Astrophotography at Berry College
Mount Berry, GA
We are in the early stages of developing a program in astrophotography
at Berry College's Pew Observatory. So far
we have obtained some rough images of relatively bright objects that
require only short exposure times. We plan to start taken images
using autoguiding soon, and we are also learning how to process
astronomical images. Hopefully we will have some high-quality images
to show in the near future.
For now, you can take a look at the rough images we have obtained so
far. If you want to see our images of the transit of Venus in 2012
(which turned out quite well) please visit our Transit of Venus page.
A few of my astronomy students have gotten some nice shots of the
moon through afocal photography using their phones. The results
are pretty good considering the equipment and method used, the lack of
astrophotography training, and the fact that it was all done very
quickly amide the hustle and bustle of a night lab. The images below
were taken by Berry students Haley Caulkins (left image), Hayley
Westphal (center image), and
Deanna Cunningham (right image). All three images were taken the same
night. Obviously the images taken by Haley
and Hayley used a red filter. Deanna's image was unfiltered but the
Moon extended beyond the field of view of the eyepiece.
The image below of M 13 was taken by Todd Timberlake and Kalen Maloney
on 19 September 2012 using the Canon T2i camera on our Astro-Physics
155 mm apochromatic refractor. We tried to use autoguiding but it was
not very successful because of poor polar alignment of the mount
(since corrected). The image combines eight one minute exposures with
some dark correction and a bit of processing in Photoshop.
Our First Astrophotos
The images below were all taken by Dr. Todd Timberlake (Director of
the Pew Observatory) and Kalen Maloney (an undergraduate physics
major and assistant director of the observatory), with assistance
from Zane Cochrane. The sunspot image was taken with an 8-inch
Celestron Schmidt-Cassegrain telescope and solar filter. The other
images were taken with an Astro-physics 155 mm apochromatic
refractor. All images were taken with a Canon T2i digital SLR
camera. The camera has been modified by removing the IR-blocking
filter, which results in unusual coloring for images taken without
additional filters.

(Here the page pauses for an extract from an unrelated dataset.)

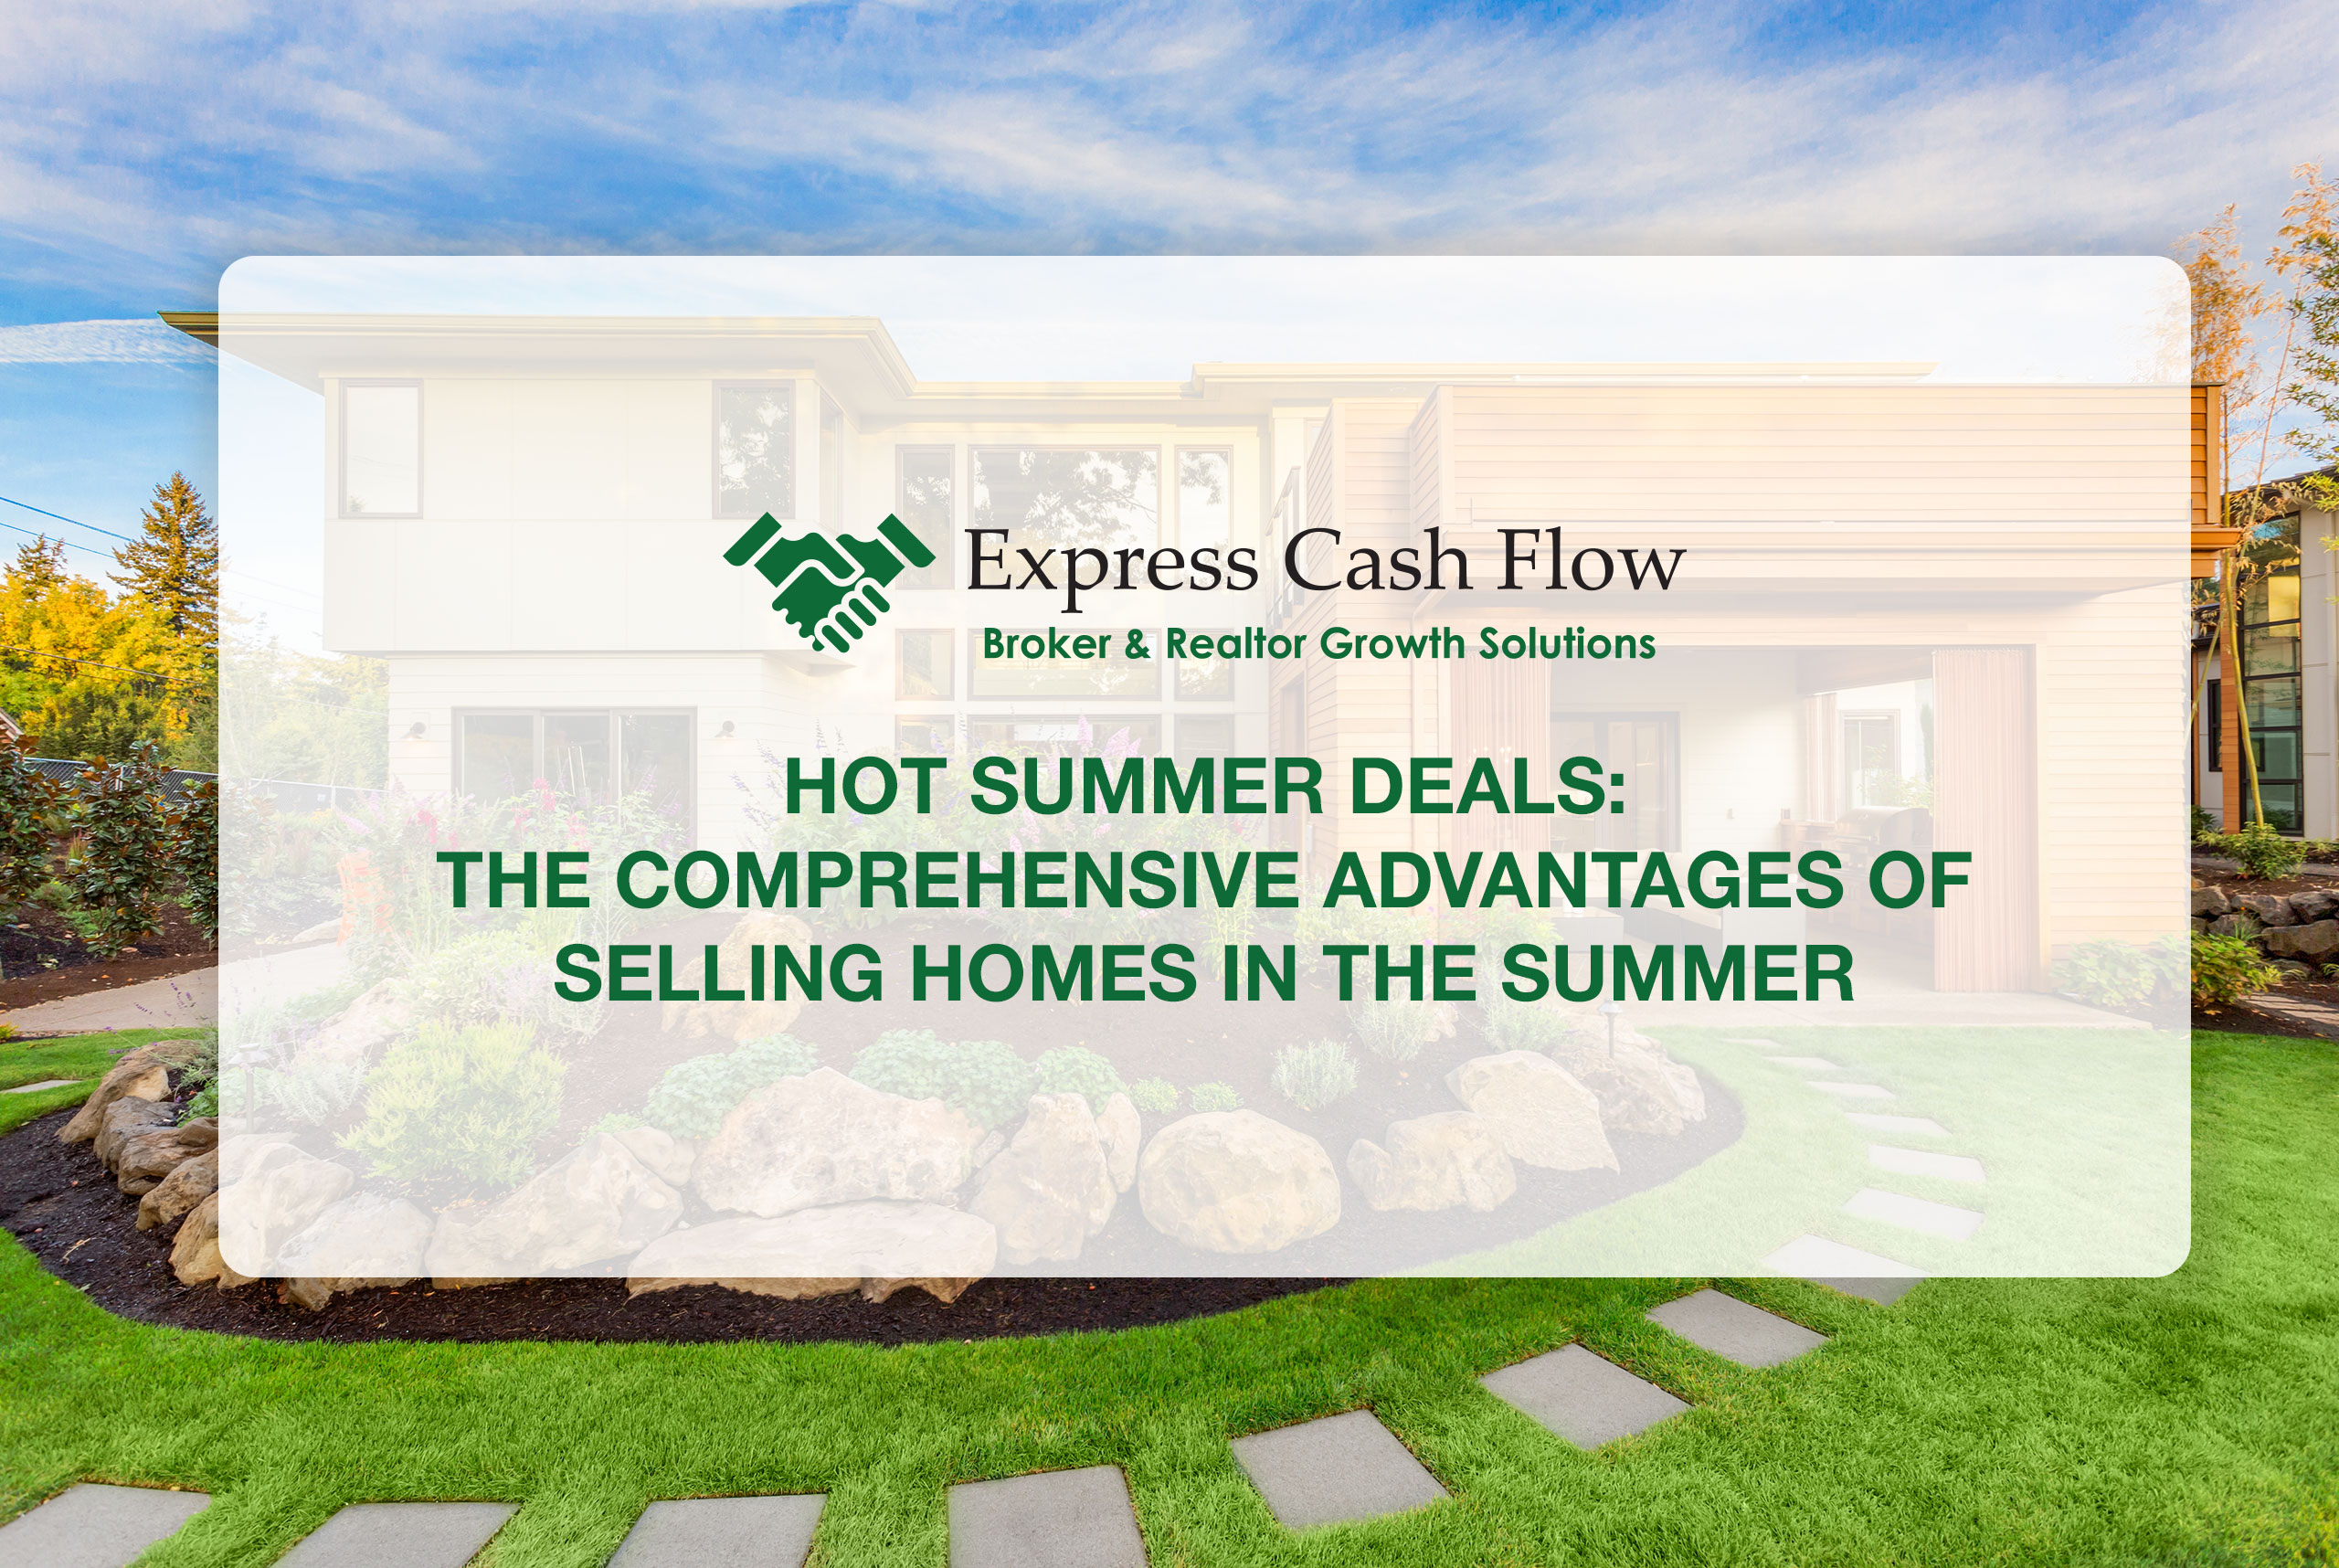 Hot-Summer-Deals--The-Comprehensive-Advantages-of-Selling-Homes-in-the-Summer

These images are unprocessed except for some very
unsophisticated image sharpening.
Albireo is a double star in the constellation Cygnus (the Swan).
The two stars that form this pair have noticeably different colors,
with the orangish star somewhat brighter than the blue star.
In the image of Jupiter below you can see faint traces of cloud
bands on the planet's surface. The four Galilean moons of Jupiter
(Io, Callisto, Ganymede, and Europa) can be seen along a line
running down and to the left of Jupiter itself.
Messier 13 is a globular cluster in the constellation Hercules. A
globular cluster is an enormous spherical collection of stars.
This image was taken without autoguiding, resulting in the streaky
appearance of the stars in the cluster.
Messier 31 is a spiral galaxy in the constellation Andromeda. It
is the closest large galaxy to our Milky Way, and is slightly
bigger than the Milky Way. In this unguided image you can see the
bright central core of the galaxy, with the galactic disk showing
up as a hazy bright patch.
Unguided photography works much better when you can take very short
exposures. It is possible to get high-quality images of very
bright objects, like the Moon, without autoguiding.
The image of the Sun below was taken with an 8-inch SCT and a solar
filter. The group of sunspots in the lower left is clearly
visible, while some fainter spots can be seen nearer the center.